● **SUPPLIED MATERIAL**:
***

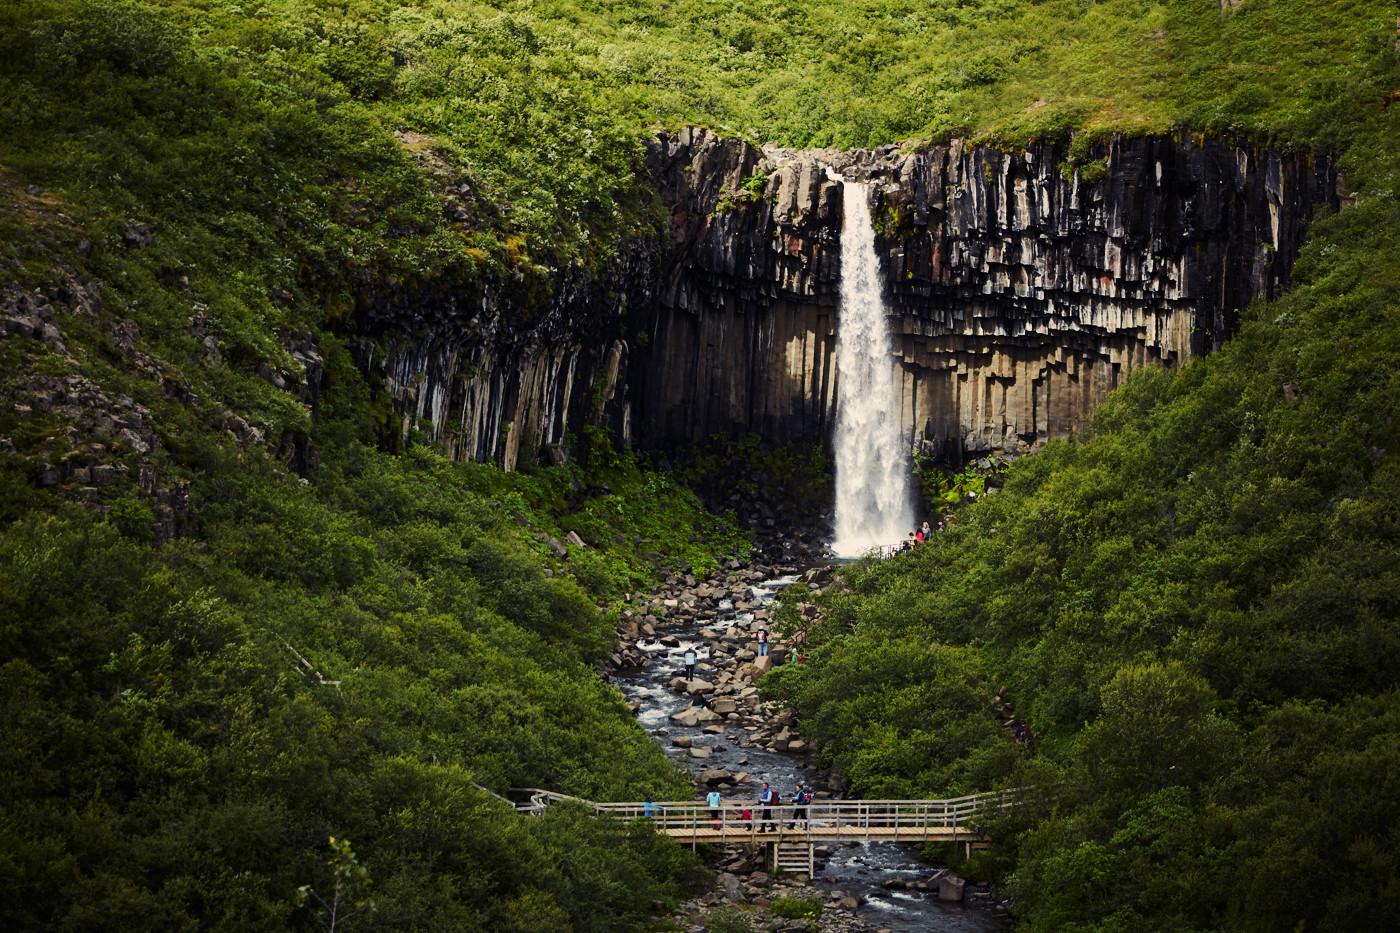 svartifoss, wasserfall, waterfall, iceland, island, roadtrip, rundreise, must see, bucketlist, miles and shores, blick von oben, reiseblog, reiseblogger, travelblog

***

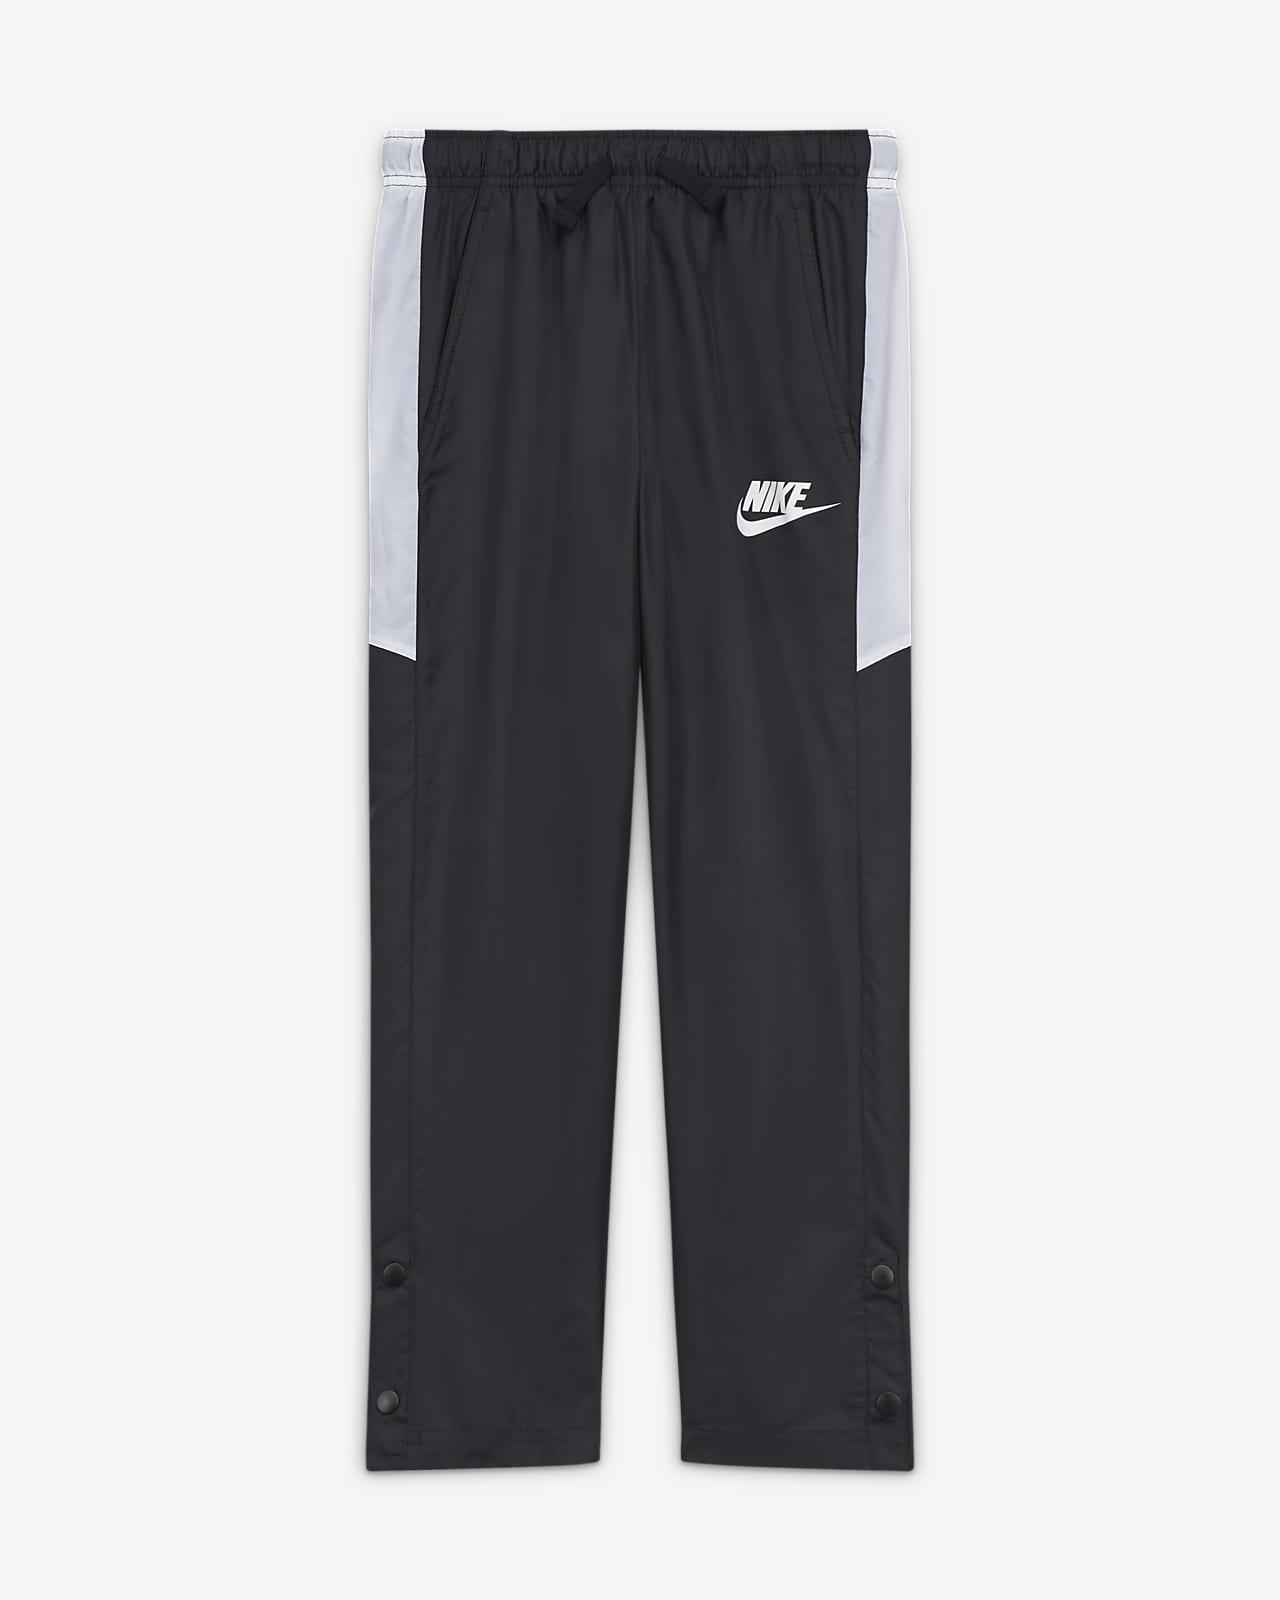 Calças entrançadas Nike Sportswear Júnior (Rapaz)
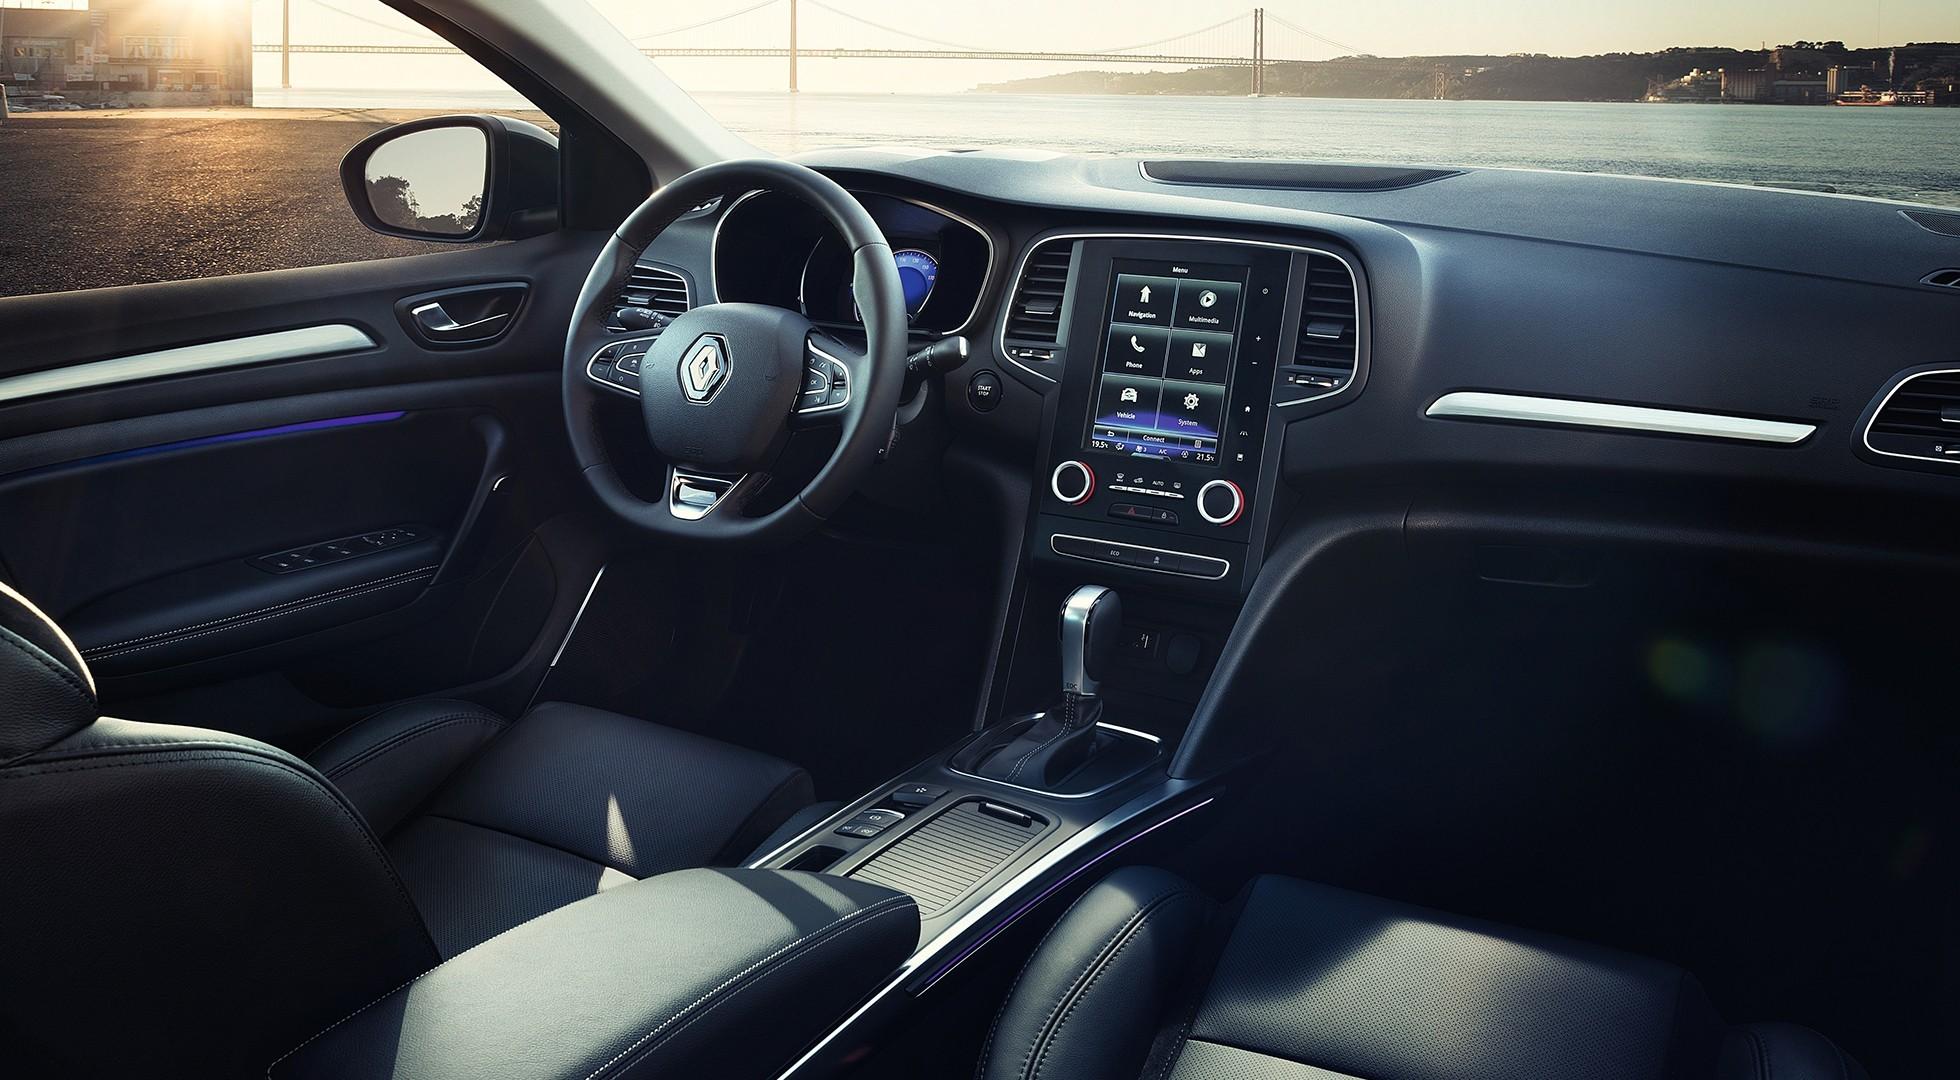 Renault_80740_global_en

***

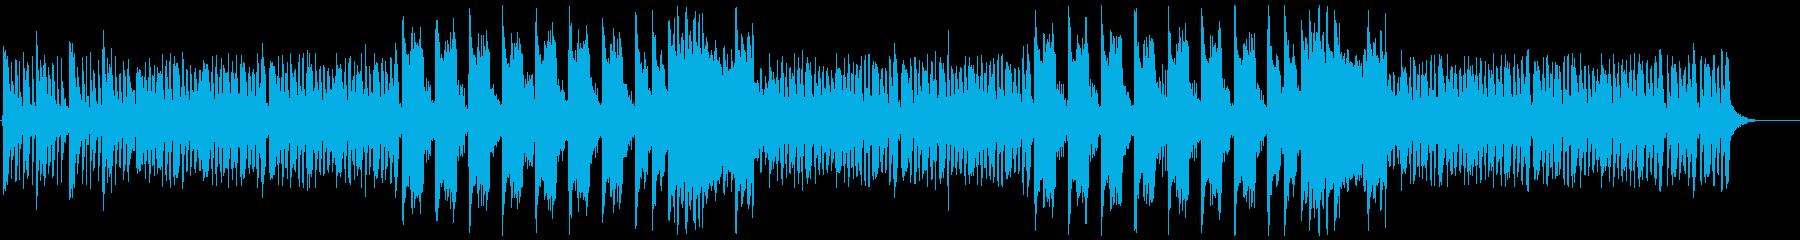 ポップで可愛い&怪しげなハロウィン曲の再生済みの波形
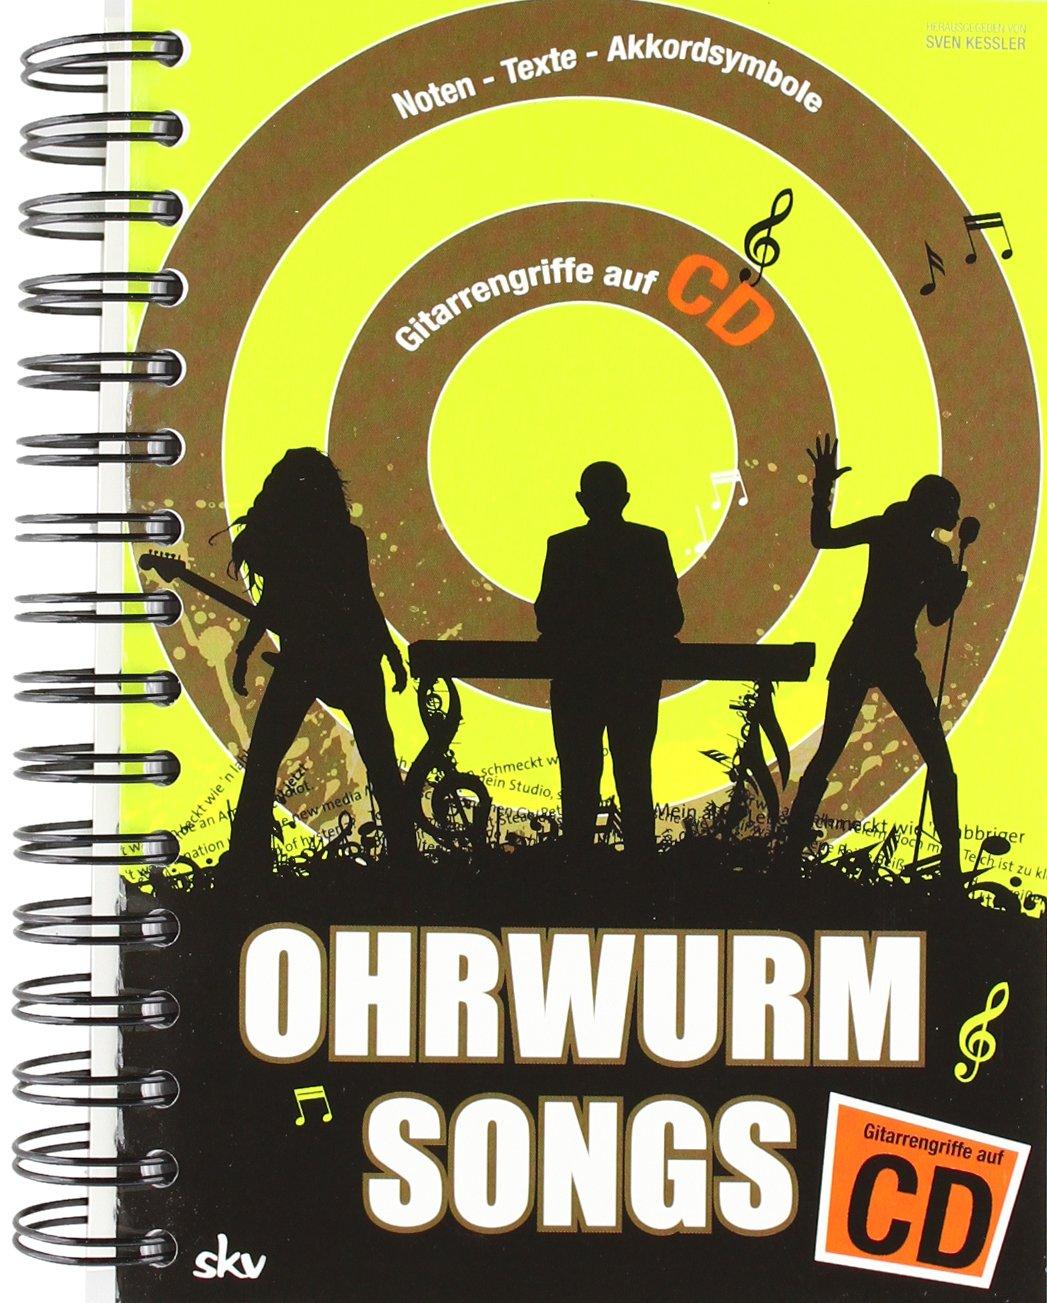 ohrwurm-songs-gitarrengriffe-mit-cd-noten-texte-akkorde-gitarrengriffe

***

● **WHAT IS BEING ASKED**:
Starting at the line above that holds "Calças entrançadas Nike", return each line up to and including the one that holds "Renault_80740_global_en", exactly as written, minus any pictures.

● **WRITTEN ANSWER**:
 Calças entrançadas Nike Sportswear Júnior (Rapaz)
 Renault_80740_global_en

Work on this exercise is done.